▶ PROVIDED MATERIAL:
#####

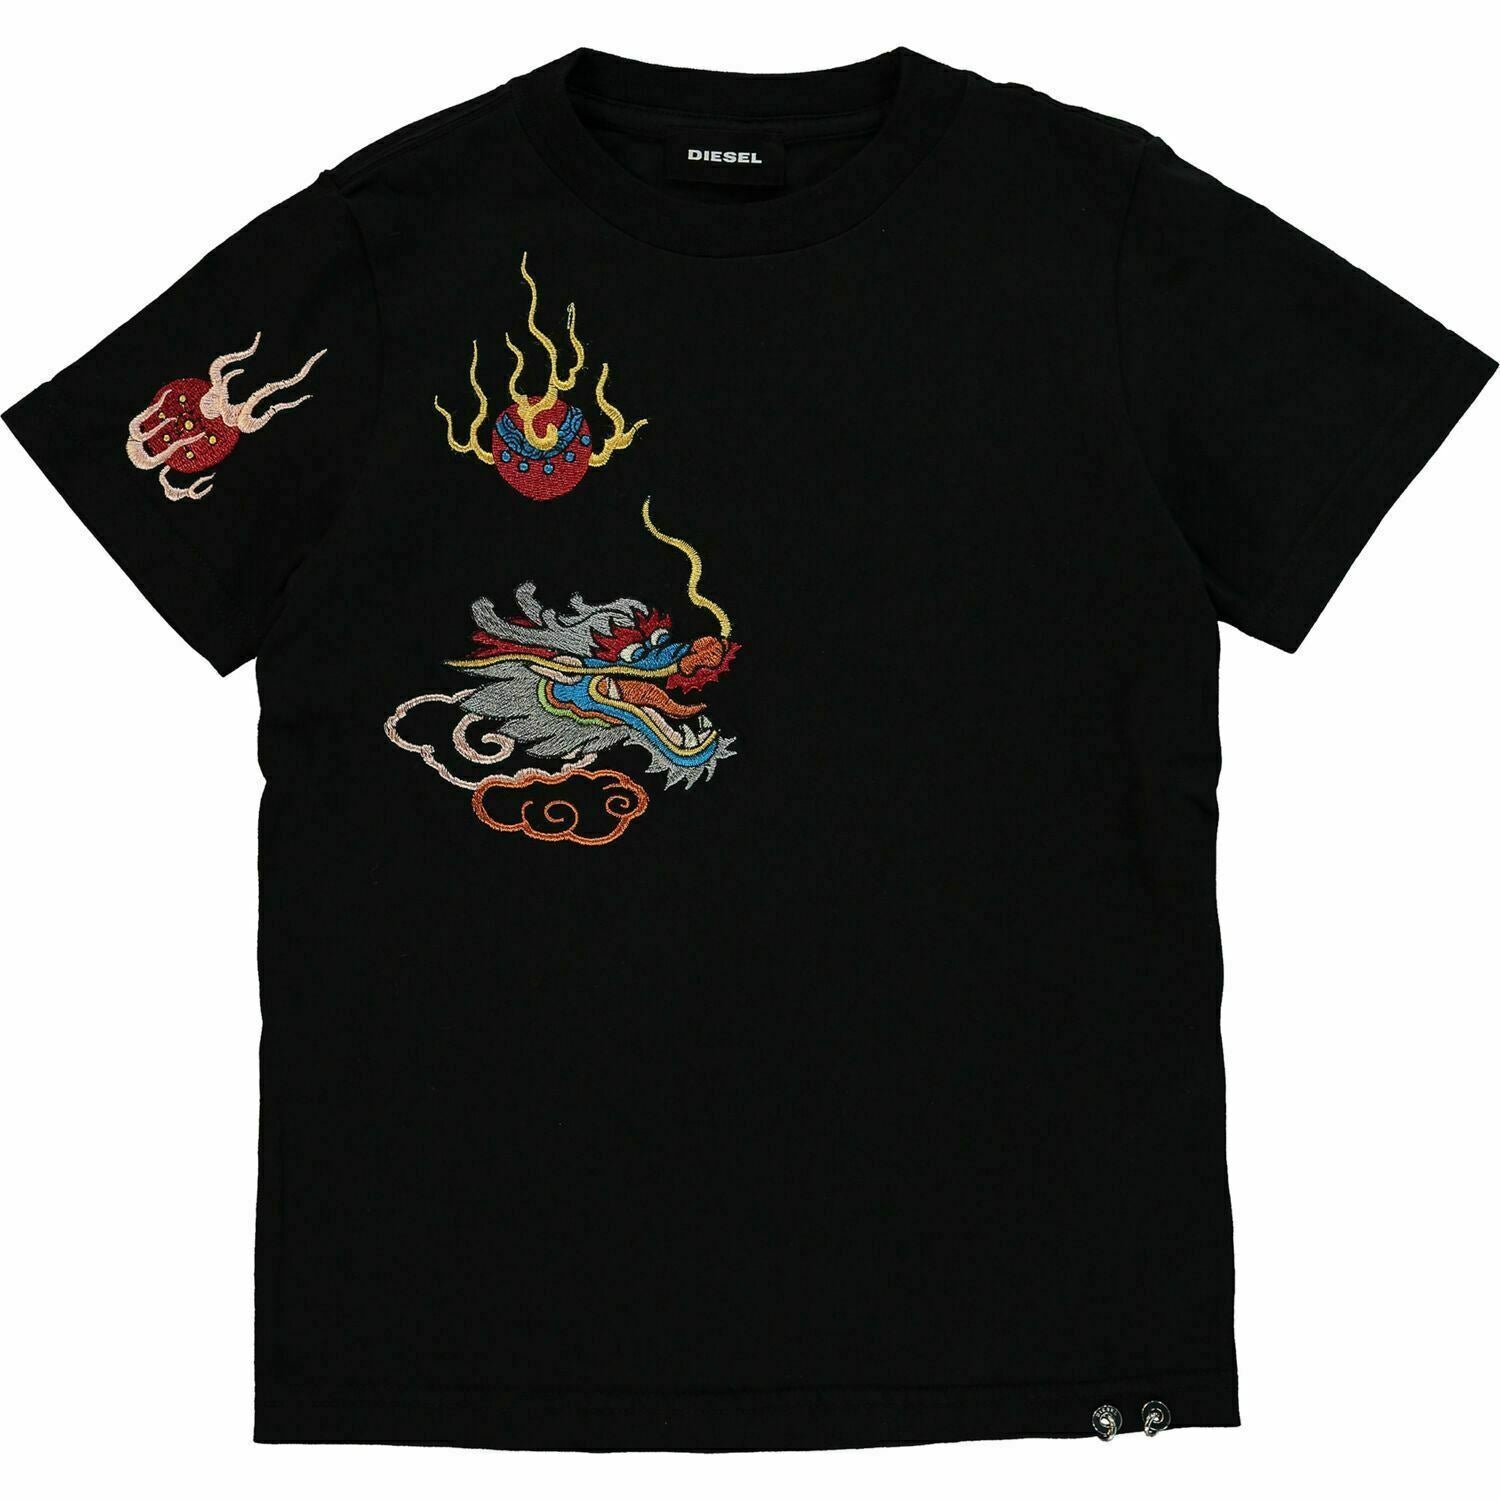 DIESEL Girls' Kids' T-DARIA Dragon Embroidery T-shirt, Black, size 6 years
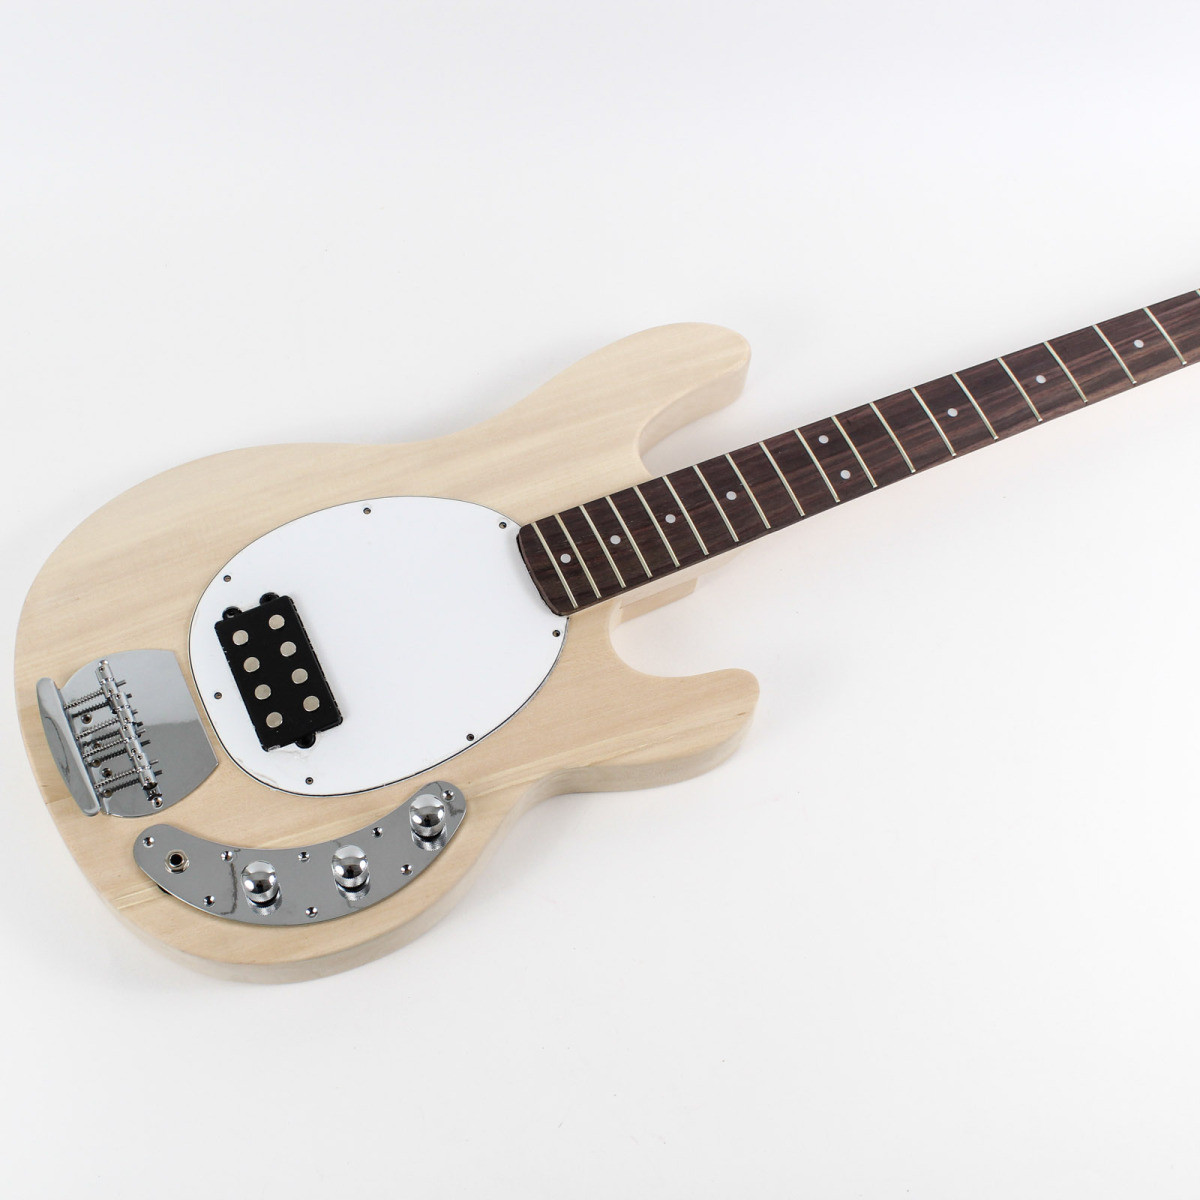 Best ideas about DIY Bass Kits
. Save or Pin Music Man StingRay Bass Guitar Kit DIY Guitars Now.

#####

▶ WHAT YOU WILL DO:
Copy out each line of the data exactly as it reads; skip the pictures.

▶ WRITTEN ANSWER:
 DIESEL Girls' Kids' T-DARIA Dragon Embroidery T-shirt, Black, size 6 years
 Best ideas about DIY Bass Kits
. Save or Pin Music Man StingRay Bass Guitar Kit DIY Guitars Now.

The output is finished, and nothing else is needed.